In a related story, more than 20 cents of every dollar spent by the Los Angeles city government now goes to fund the retirements of former employees. "The city's general fund payments for pensions and retiree healthcare reached $1.04 billion last year, eating up more than 20% of operating revenue—compared with less than 5% in 2002," the Los Angeles Times reported last year.

Previously, Transparent California had only collected data from the state's two largest pension funds: CalPERS, which pays retired public workers, and CalSERS, which pays retired teachers. The newest update includes data from the state university retirement system and local pension funds from several big cities, including Los Angeles, where some of the highest payouts occur.

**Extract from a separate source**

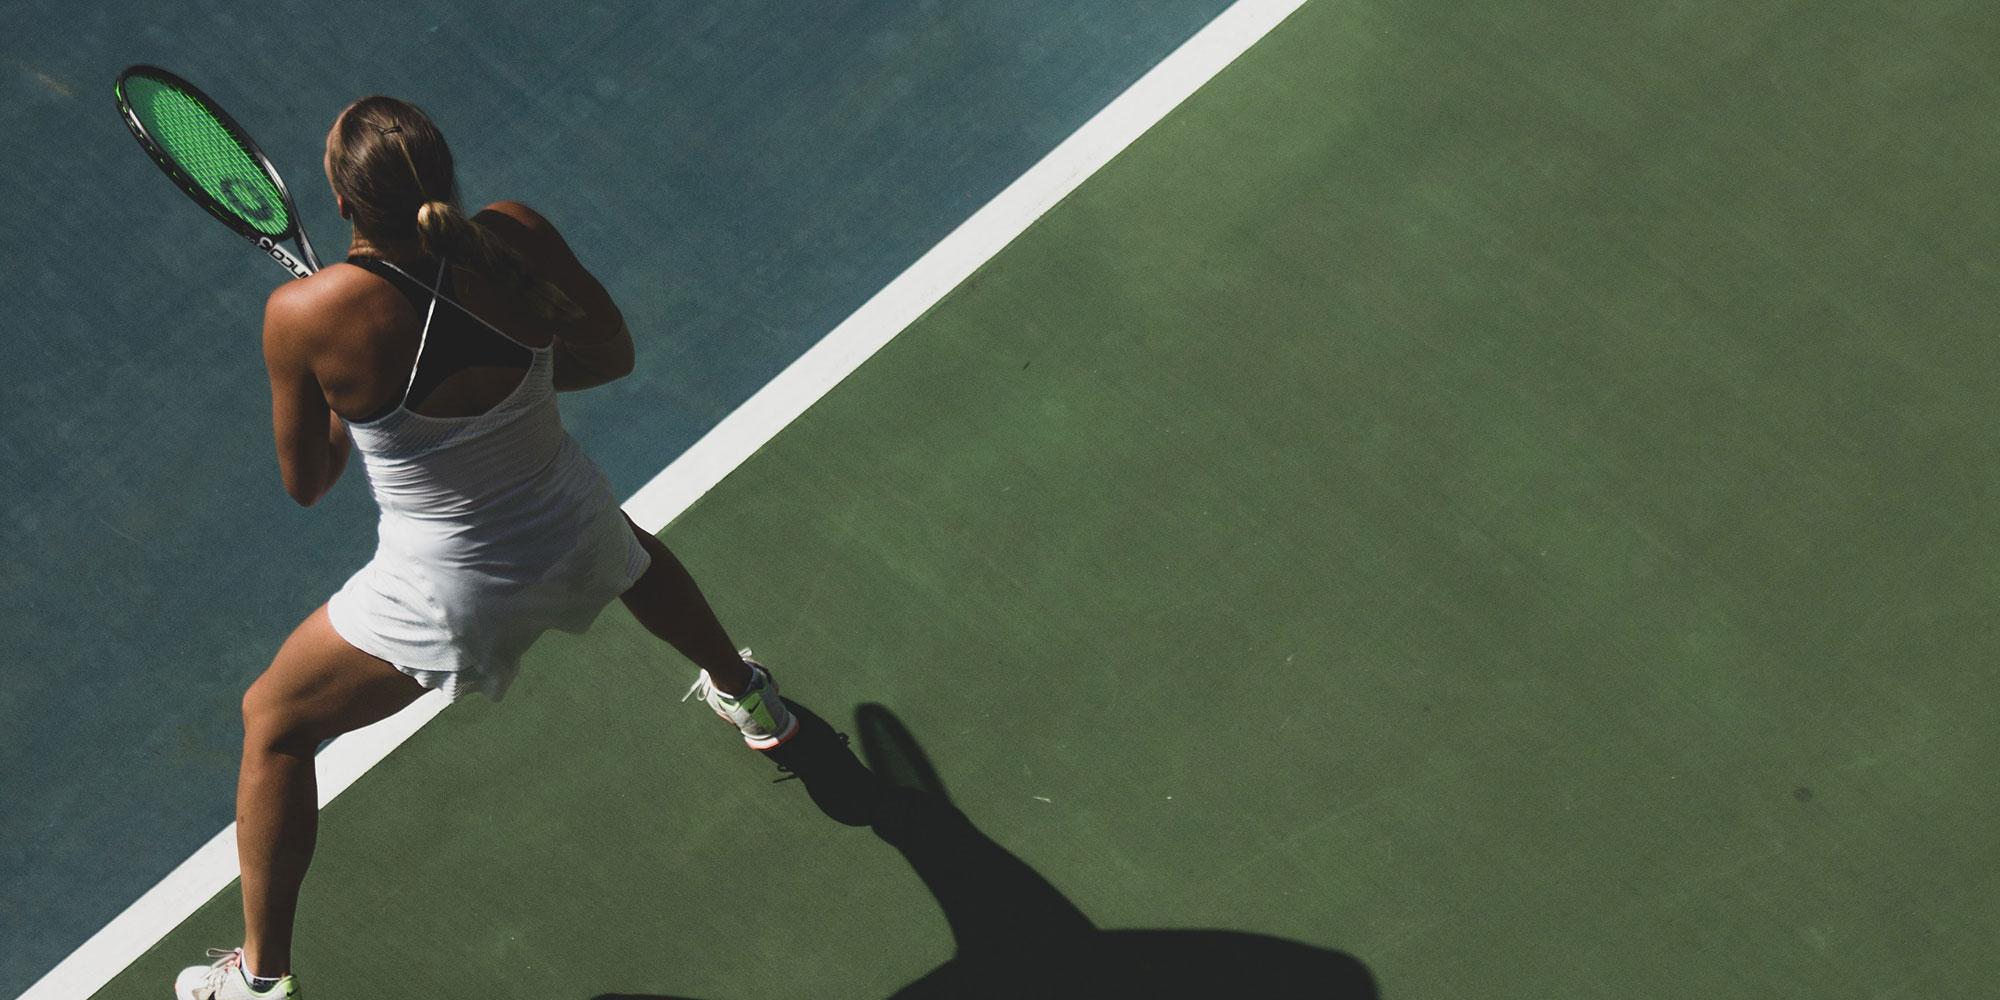 Elite tennis player on court preparing to return a serve
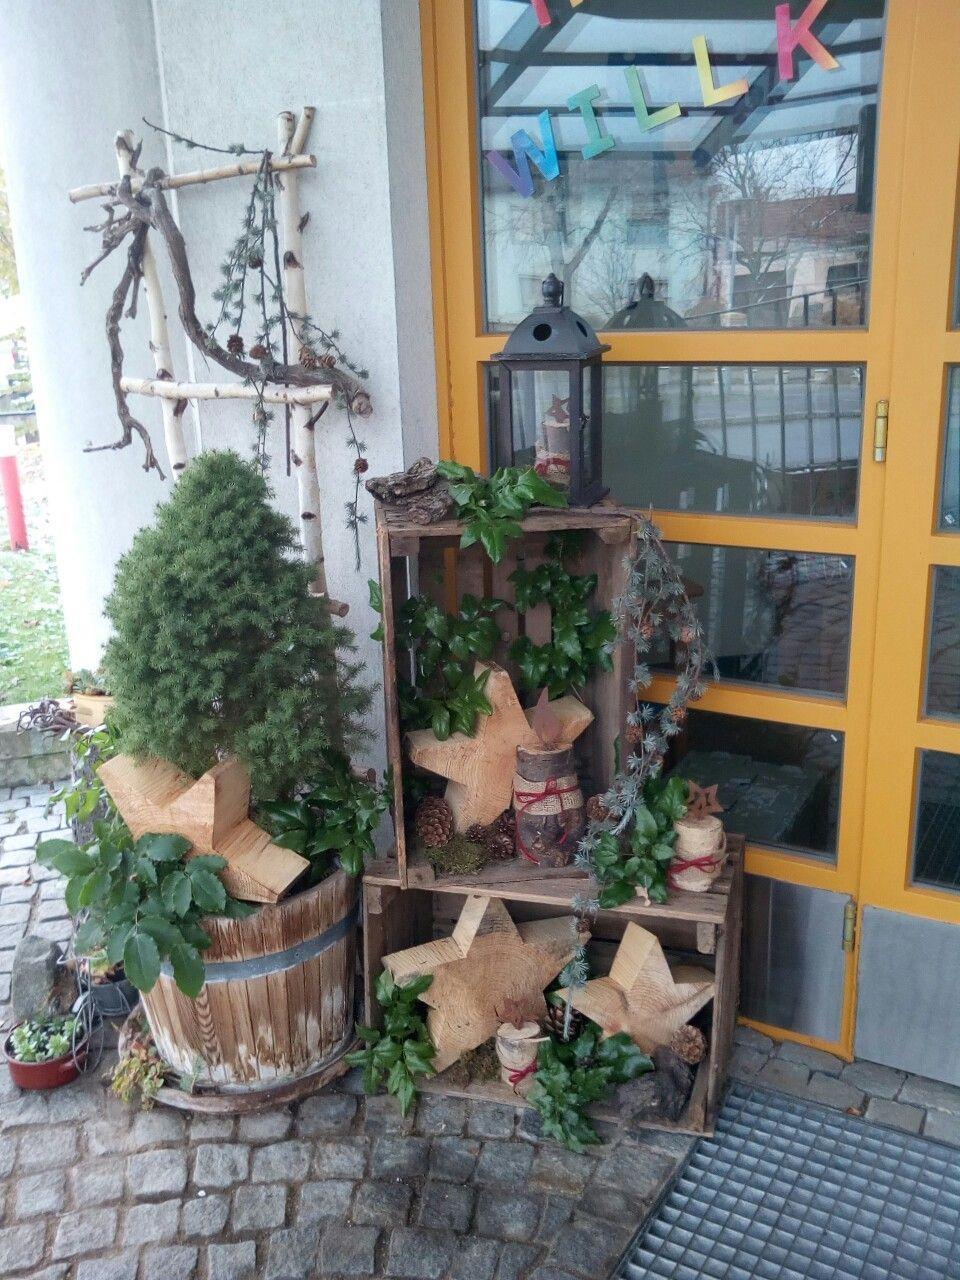 Rustikale Weihnachten - Wintergartenideen - #rustikale ... dedans Decoration Exterieur

The more comprehensive data reveal nearly twice as many $100,000 pensions. Using last year's data, Transparent California said Michael Johnson, a former Solano County administrator who received a $388,407 pension, was the highest-paid government retiree in the state. This year he does not even crack the top 100, a group dominated by Los Angeles police and fire retirees along with a handful of former San Diego city employees.

Paysinger, the new king of the California pension hill, spent 41 years with LAPD before retiring in 2016 to take a job as vice president of civic engagement at the University of Southern California.

Six- and seven-figure pensions are not the sole reason why California's state and local retirement funds are in trouble, but they are a part of that picture.

The CalPERS fund alone is more than $139 billion in the red. The East Bay Times reported last year that CalPERS' retirement debt "averages out to $11,000 for every California household," a relevant comparison since "taxpayers, not government workers, must make up the shortfall."

At the local level, things are even bleaker. Increasing pension costs will likely continue to crowd out resources that otherwise would go to public assistance, recreation, libraries, health, public works, and in some cases public safety, according to the authors of a new report by the Stanford Institute for Economic Policy Research.

In Los Angeles, the Stanford report suggests that pension debt will grows to $11,000 per household by 2029. Since 2004, the city has shifted more than $900 million of expenditures from other services in order to fund pensions.